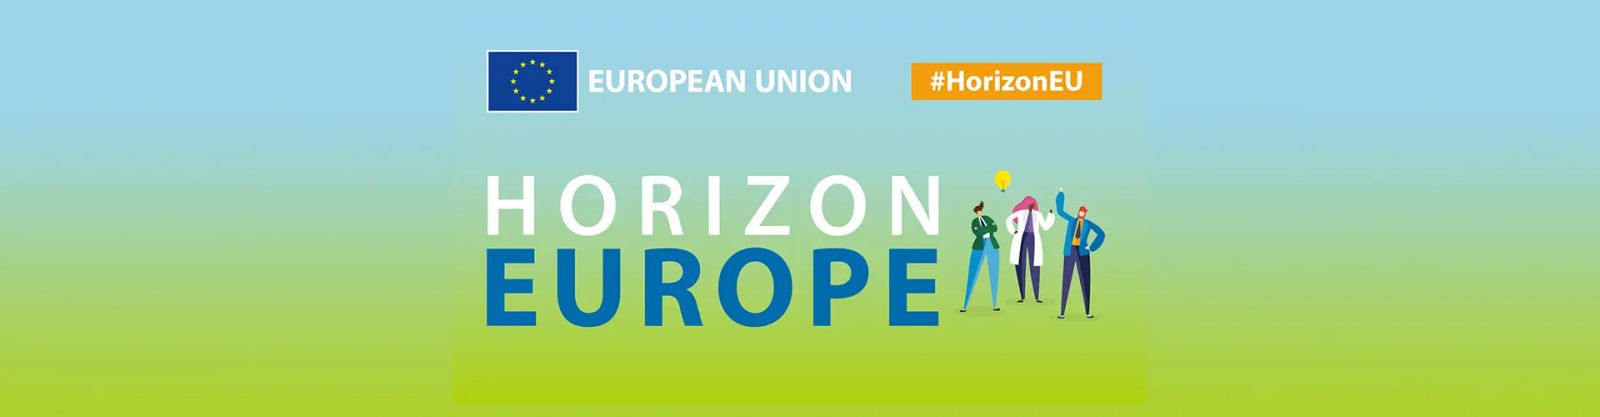 banner horizon europe
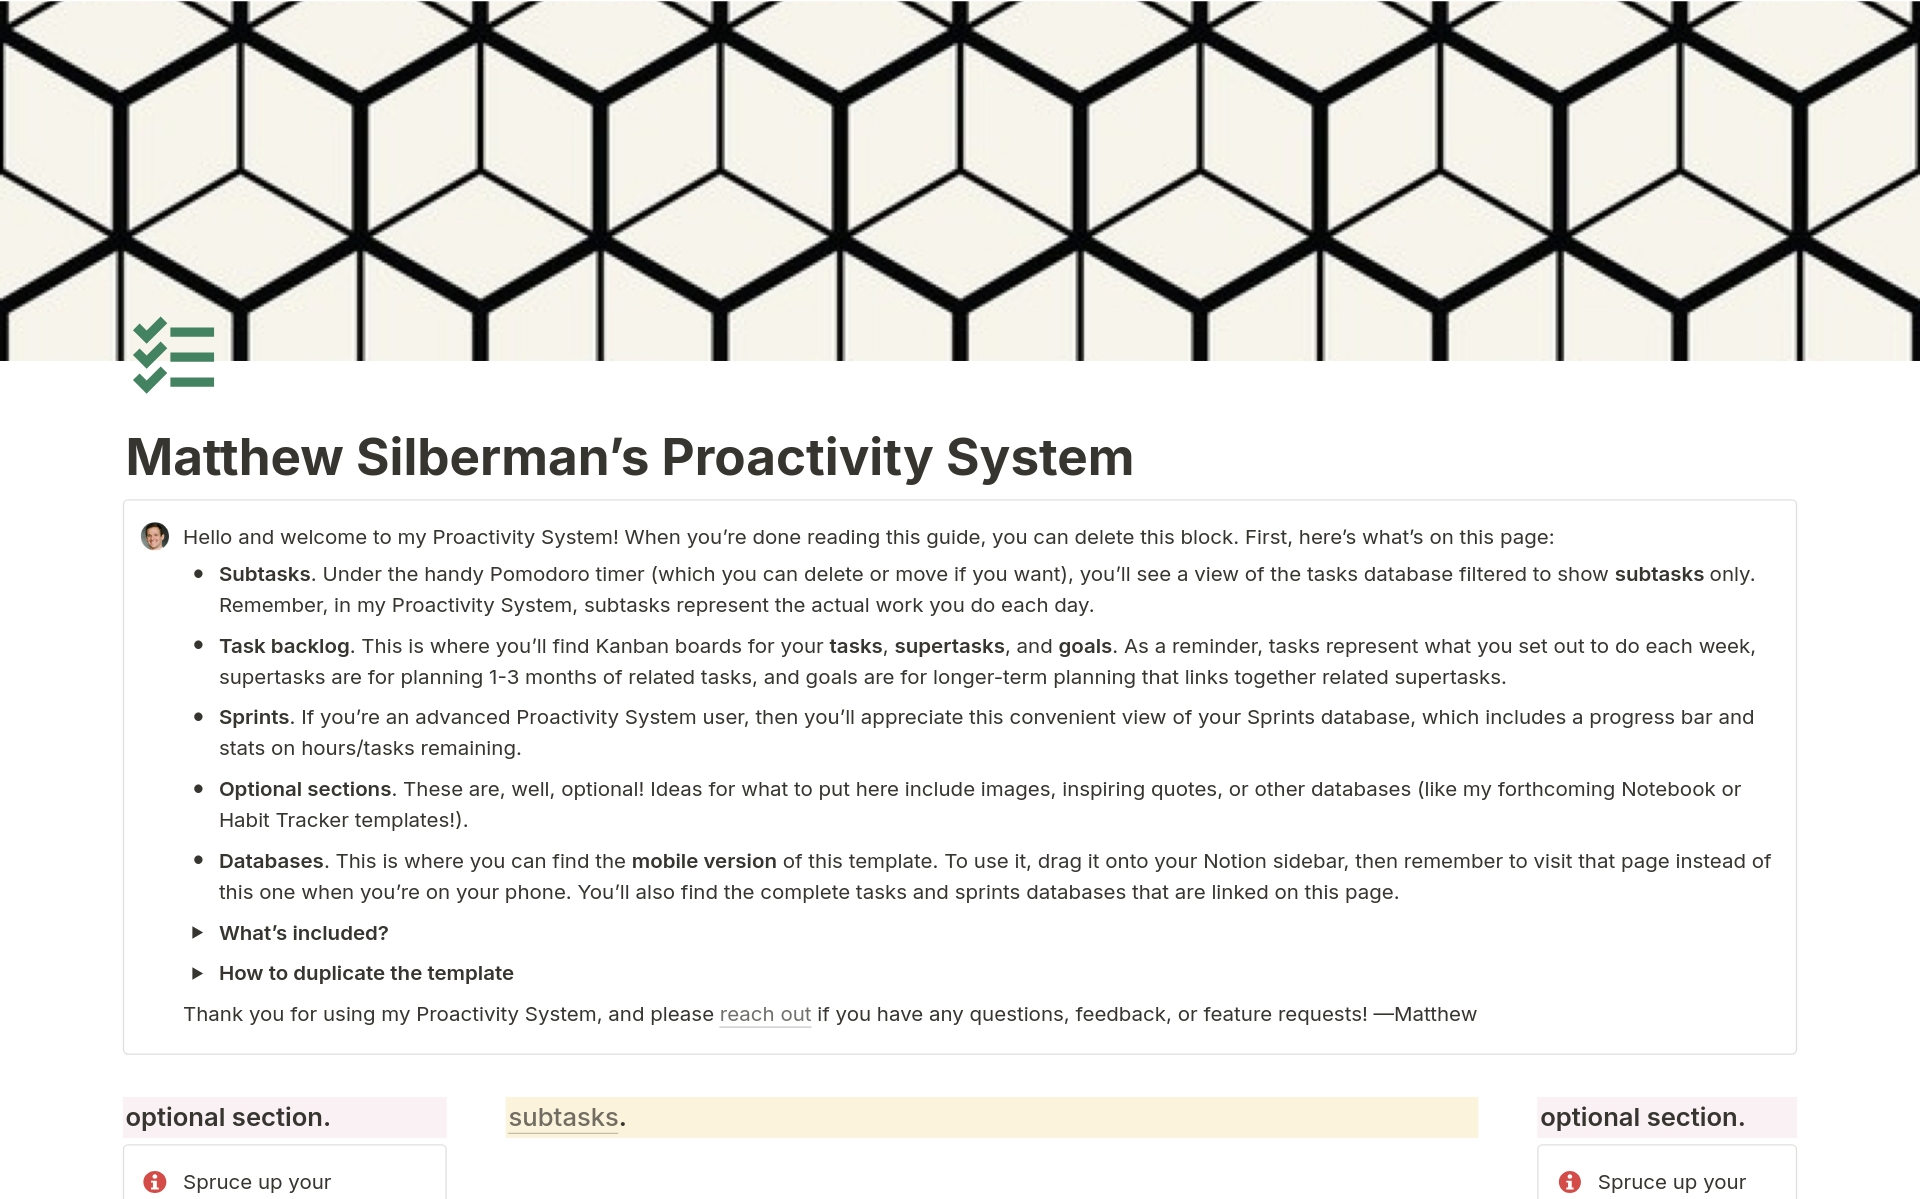 Aperçu du modèle de Matthew Silberman's Proactivity System
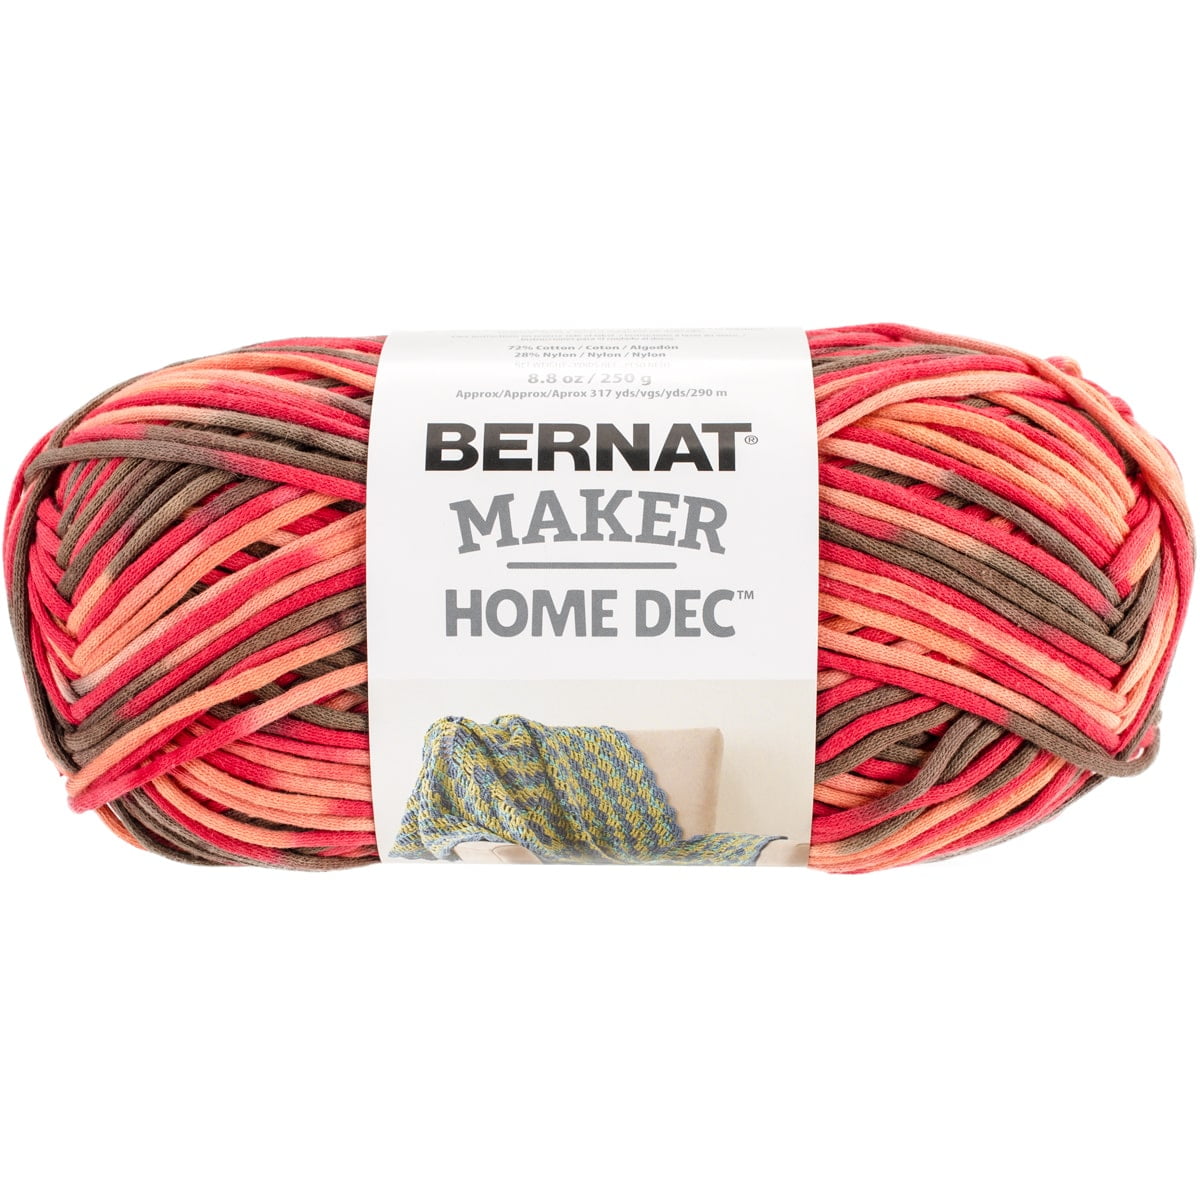 Yarn 101 Bernat Maker Home Dec, Episode 323 
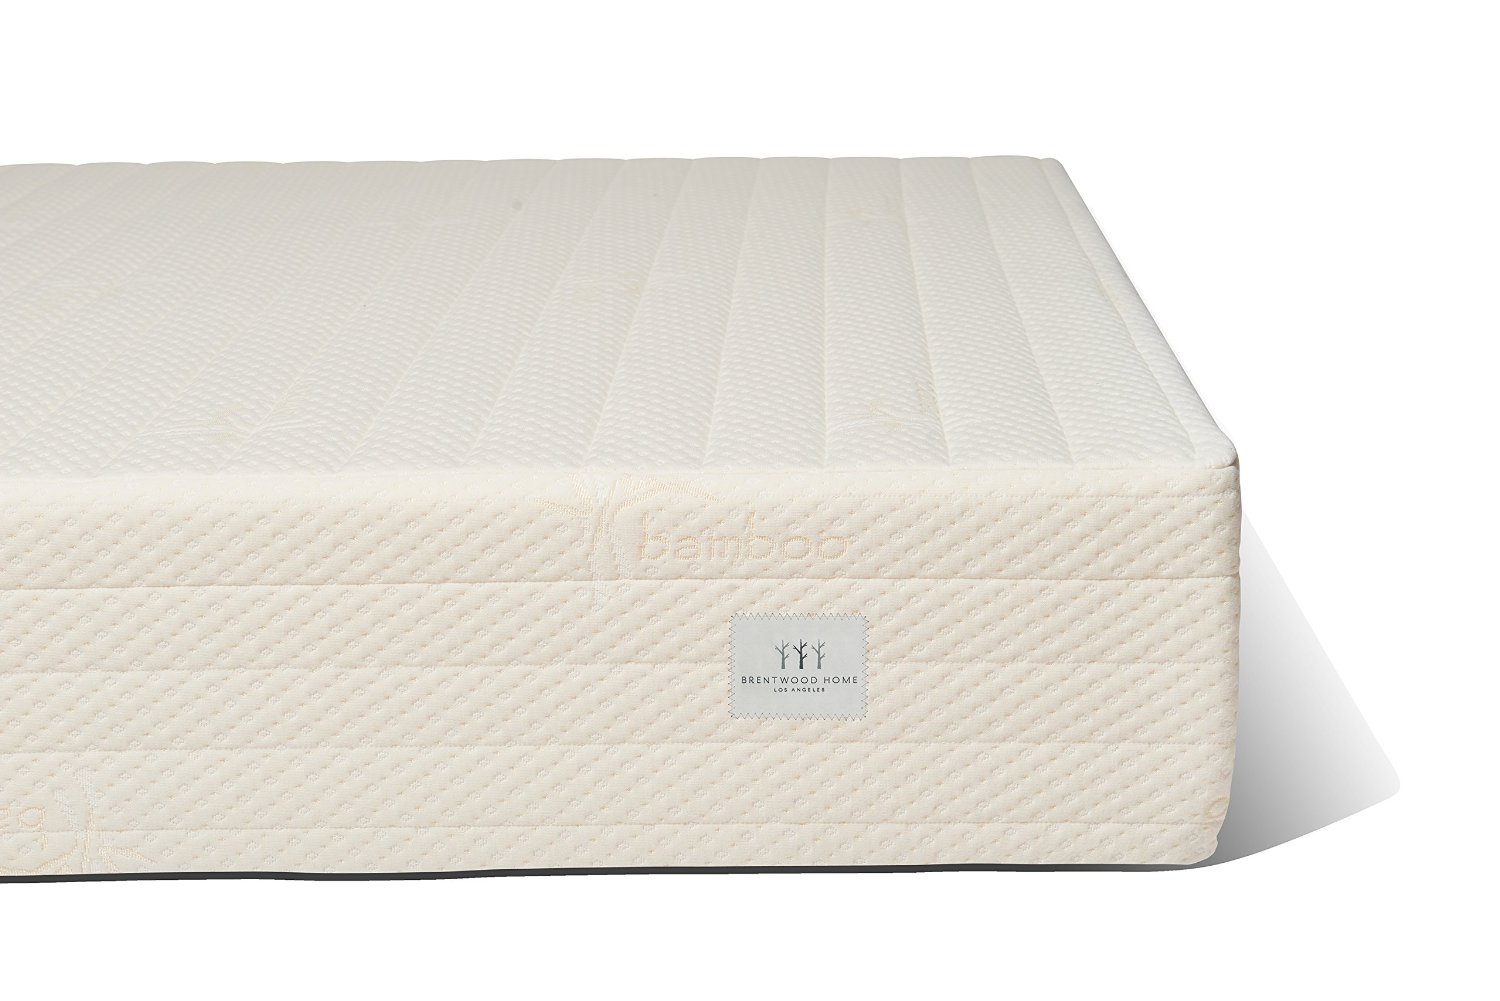 11 inch memory foam mattress

*TASK DESCRIPTION*:
With the images omitted, return the full material exactly.

*FINISHED TASK*:
 banner horizon europe
 Aperçu du modèle de Matthew Silberman's Proactivity System
 Yarn 101 Bernat Maker Home Dec, Episode 323 
 11 inch memory foam mattress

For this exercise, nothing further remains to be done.